El espejo siciliano

   Caía la tarde. Trepaba las callejuelas de Erice –un pueblito medieval del poniente siciliano– cuando doblé una esquina y me topé con seis jóvenes bellísimas vestidas de novias. La del centro era rubia, tenía ojos verdes y piel de oro; parecía la mismísima diosa Calipso. Me quedé diez segundos congelado antes de volver a la realidad. Pensé que al fin había encontrado la grande belleza, pero de pronto alguien me pidió a gritos que me apartara: estaban rodando un anuncio para la televisión y yo estaba malogrando el plano.


   Uno de los lugares que más me impactó de todo Italia es el teatro griego de Siracusa, en Sicilia. El Bernabéu de los teatros. Uno de los más grandes, antiguos e importantes del mundo griego. Aquí se representaban las tragedias de Sófocles hace 2.400 años. Cicerón dijo que era la ciudad más grande del mundo griego. Y la más bella. Tucídides elogió a su público en ‘Las Guerras del Peloponeso’. Sus callejuelas mediterráneas sedujeron al filósofo Aristóteles, al tirano Dionisio y al canalla Caravaggio. El genio de Arquímedes la defendió hasta la muerte en plenas guerras púnicas contra Roma, con genialidades como la catapulta, los espejos quemantes y el «fuego griego», una sustancia incendiaria que ardía hasta en el mar (sí, de ahí sale el Fuego Valirio de Juego de Tronos). Esta ciudad-isla dedicada a Artemisa-Ortigia es una visita obligada para todo amante de la historia. Además, es uno de los lugares más disfrutables del Mediterráneo, junto a Taormina, Capri y las islas griegas.


   Si tuviera que elegir una maravilla entre todas las que nos dejaron los romanos, no sería el Coliseo, ni el Teatro de Mérida, ni siquiera el Panteón de Agripa o la ciudad de Pompeya. Serían, sin duda, los mosaicos que cubren sus ciudades. Y los más bellos están en la Villa del Casale, un pueblo romano ubicado Piazza Armerina, en el centro de Sicilia. Jamás he visto un relato tan emocionante del mundo greco-romano. Una vida de hedonismo eufórico para unos y de suplicio y esclavitud para otros, de grandes banquetes en los que zampaban y bebían como locos y vomitaban para seguir comiendo y bebiendo, una vida de bacanales en las que la pederastia y la zoofilia no estaban mal vistas. El imperio romano supuso una primera globalización (con permiso del helenismo ensayado por Alejandro Magno). Eran ávidos importadores de genialidad. Y acabaron importando las grandes ideas de oriente. De Grecia copiaron el teatro griego, la filosofía, la arquitectura, el arte y la literatura entre otras cosas. De Jerusalem la gran religión proselitista: el cristianismo.  Todo lo mejoraron. Todo lo agigantaron. Todo lo corrompieron.
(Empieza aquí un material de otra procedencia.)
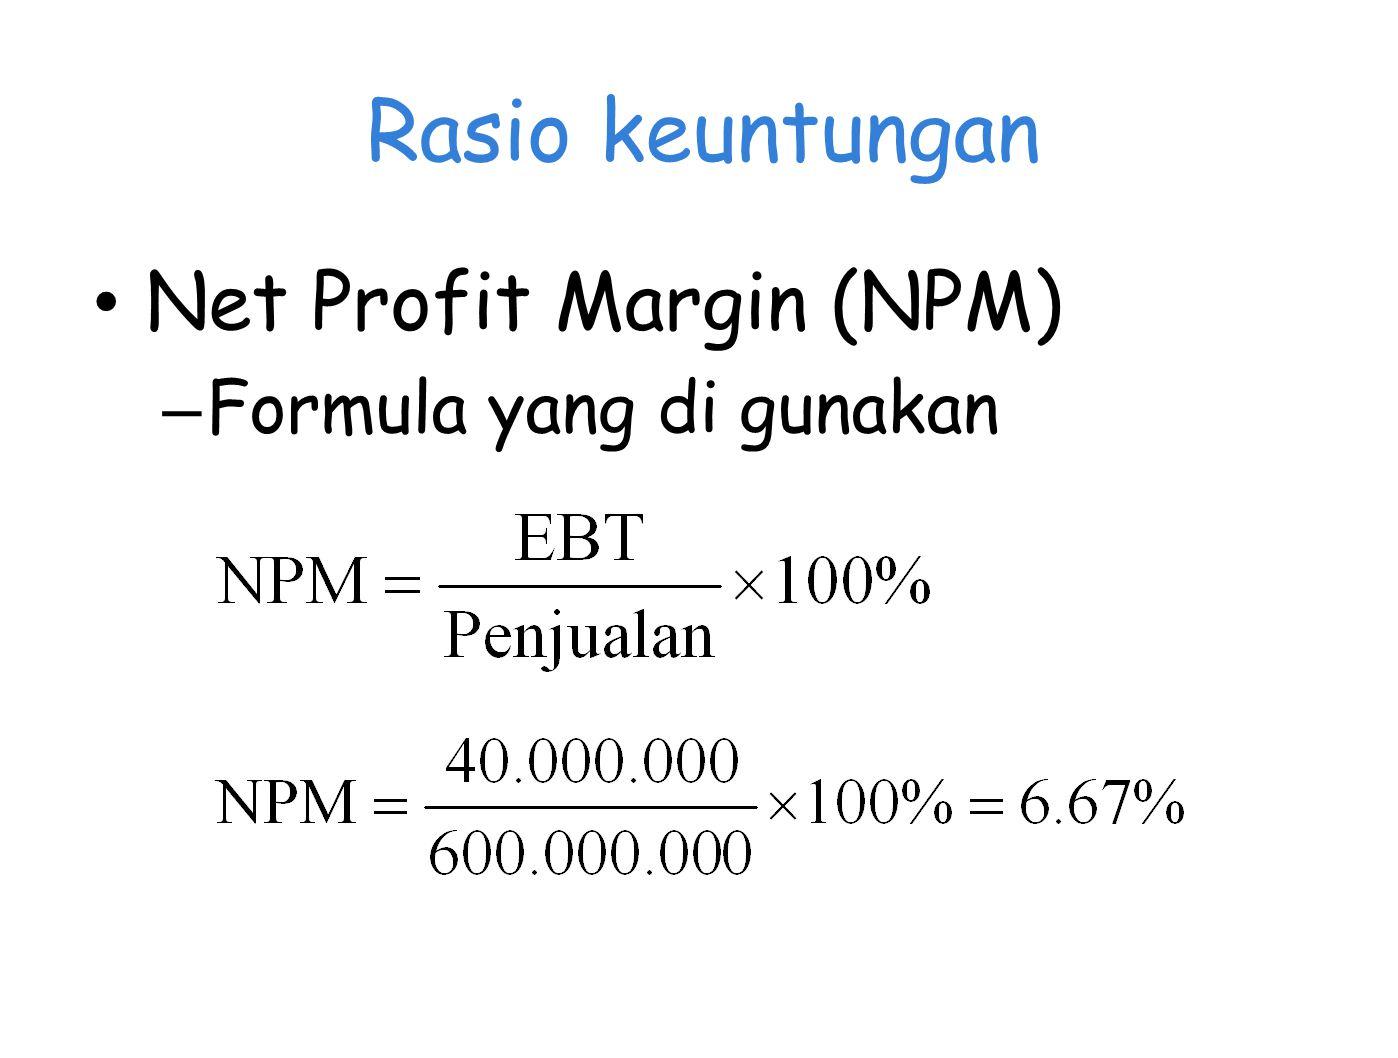 Rasio keuntungan Net Profit Margin (NPM) Formula yang di gunakan

   Hasta la aparición de los evangelios, el gran best-seller del mundo mediterráneo fue La Odisea, de Homero. Todo navegante, todo migrante, refugiado y exiliado había escuchado las aventuras y desventuras de ese guerrero insaciable y astuto. En Villa del Casale hay un maravilloso mosaico en el que Ulises aparece emborrachando al cíclope Polifemo para poder escapar de la cueva. Cuando me fijé en el gigante me sorprendió comprobar que tenía tres ojos. ¿No se supone que los cíclopes tienen un solo ojo? Entendí entonces que el personaje del mosaico es un actor. Un actor grande y corpulento. Ulises en cambio es pequeño y ágil. Ahí le tienen, intentando escapar a Ítaca, la isla de su amada Penélope.
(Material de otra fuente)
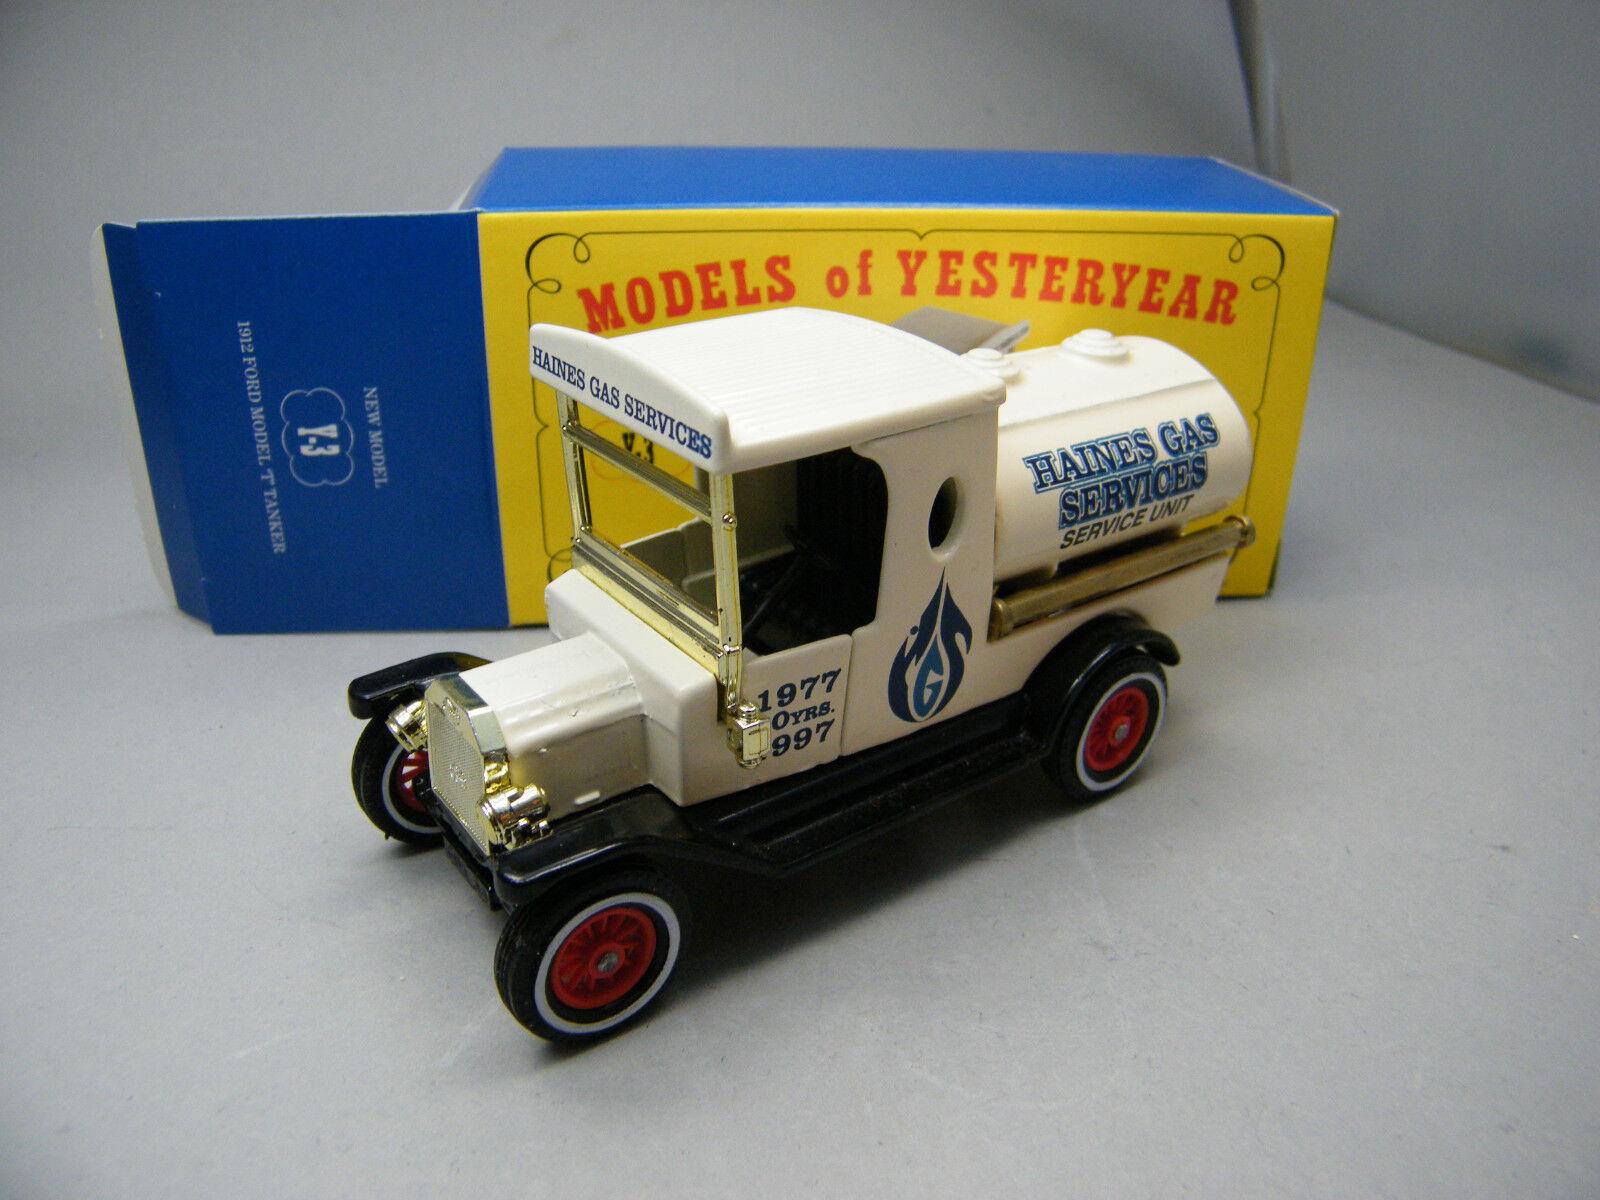 Matchbox MOY c2 y3 Ford  T Haines gaz Australie très rare voir photos neuf dans sa boîte k32  vente d'usine en ligne discount

   Y al lado, un mosaico aún más sorprendente que demuestra que, hace dos mil años, mis ancestras, las romanas, jugaban al voley playa en bikini.  La libertad, el hedonismo, el ingenio, el amor al mar y a la tierra y el carpe diem por encima de todo. Así fuimos y así seguimos siendo. Ya nadie podrá cambiarnos.